Although a meta-search engine, which submits search requests to more than one other search engine, might seem to promise better results, this is seldom the case - especially when searching for images.
Meta-search engines typically offer fewer search options than their source search engines and the results tend to be slower, smaller in number, and less reliable.
TASI evaluated ten meta-image search engines: eight of them are general meta-search engines offering an image search option; two are really search ‘spring-boards’ rather than true meta-searches - they only allow the user to submit a search request to one other search engine at a time.
None of the general meta-search engines performed very well in our tests.
Excite (http://www.excite.com/), Dogpile (http://www.dogpile.com/), Webcrawler (http://www.webcrawler.com/) and Metacrawler http://www.metacrawler.com/ are all provided with image meta-search results by Infospace (http://www.infospaceinc.com/). These four meta-search engines deliver the same images, all drawn from Yahoo and Ditto and seemingly capped at about 60 results. Although there are slight variations in their presentation, each offer essentially the same services and options, including an advanced image search and a useful means of dealing with ambiguities (‘Are you looking for…’) that is similar to Yahoo’s approach (‘Also try…’). Although each of these search engines provide an adult filter, this did not consistently block adult content in our tests.

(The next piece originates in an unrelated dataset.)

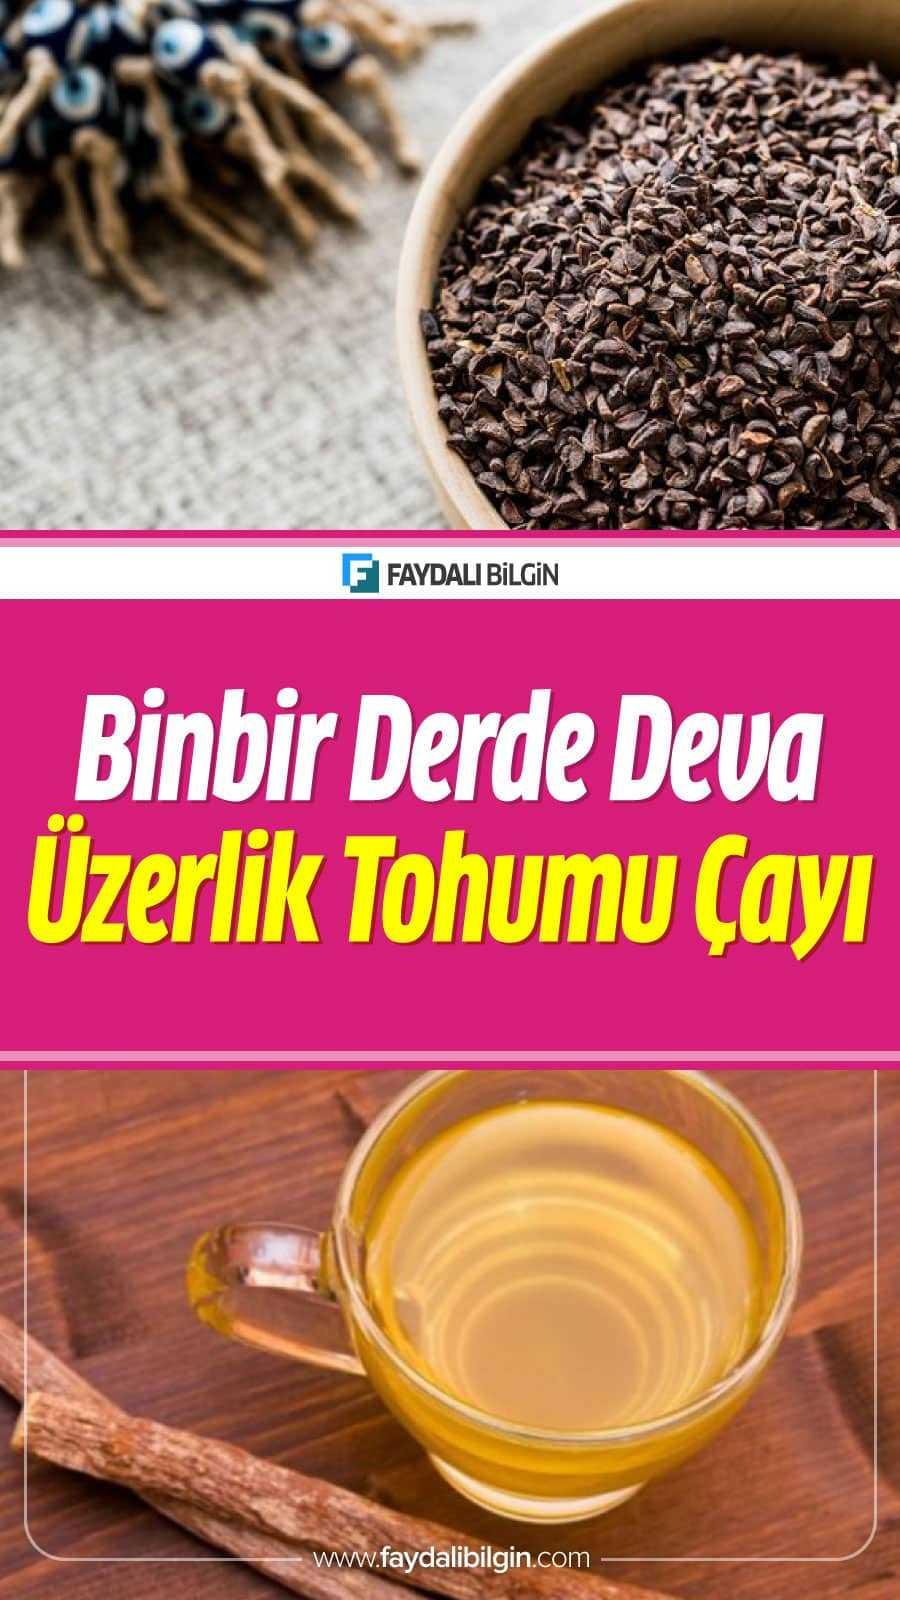 Üzerklik Tohumunun Faydaları, Kullanımı ve Üzerklik Tohumu çayı tarifi. İşte Üzerklik otu hakkında tüm detaylar haberimizde.

Mamma (http://www.mamma.com/) used to draw its images from Picsearch, Yahoo and Google, presenting a small selection from each. Now it seems to be relying entirely on Picsearch - but delivering all the results rather than the small number it previously offered. The presentation of results is similar to Picsearch’s although the advanced search is simpler.
Fazzle (http://www.fazzle.com/) used to be called SearchOnline.info. It reports results from Picsearch, Webshots, Altvista and FAST. Altavista is now supplied by Yahoo and FAST no longer exists, so it might be that the results reported from these sources are old. We observed a number of dead links. Although Fazzle reports a large number of hits, it only presents the ‘top’ hundred or so images. It also seems to pull in its results unfiltered, even if the adult filter in the advanced search in turned on.
Ithaki (http://www.ithaki.net/) provides images from Yahoo, Picsearch, Freenet (a German site) and Arianna (Italian). There is only a simple search box and only a handful of images are delivered from each engine: we got no more than 50 results for our test searches.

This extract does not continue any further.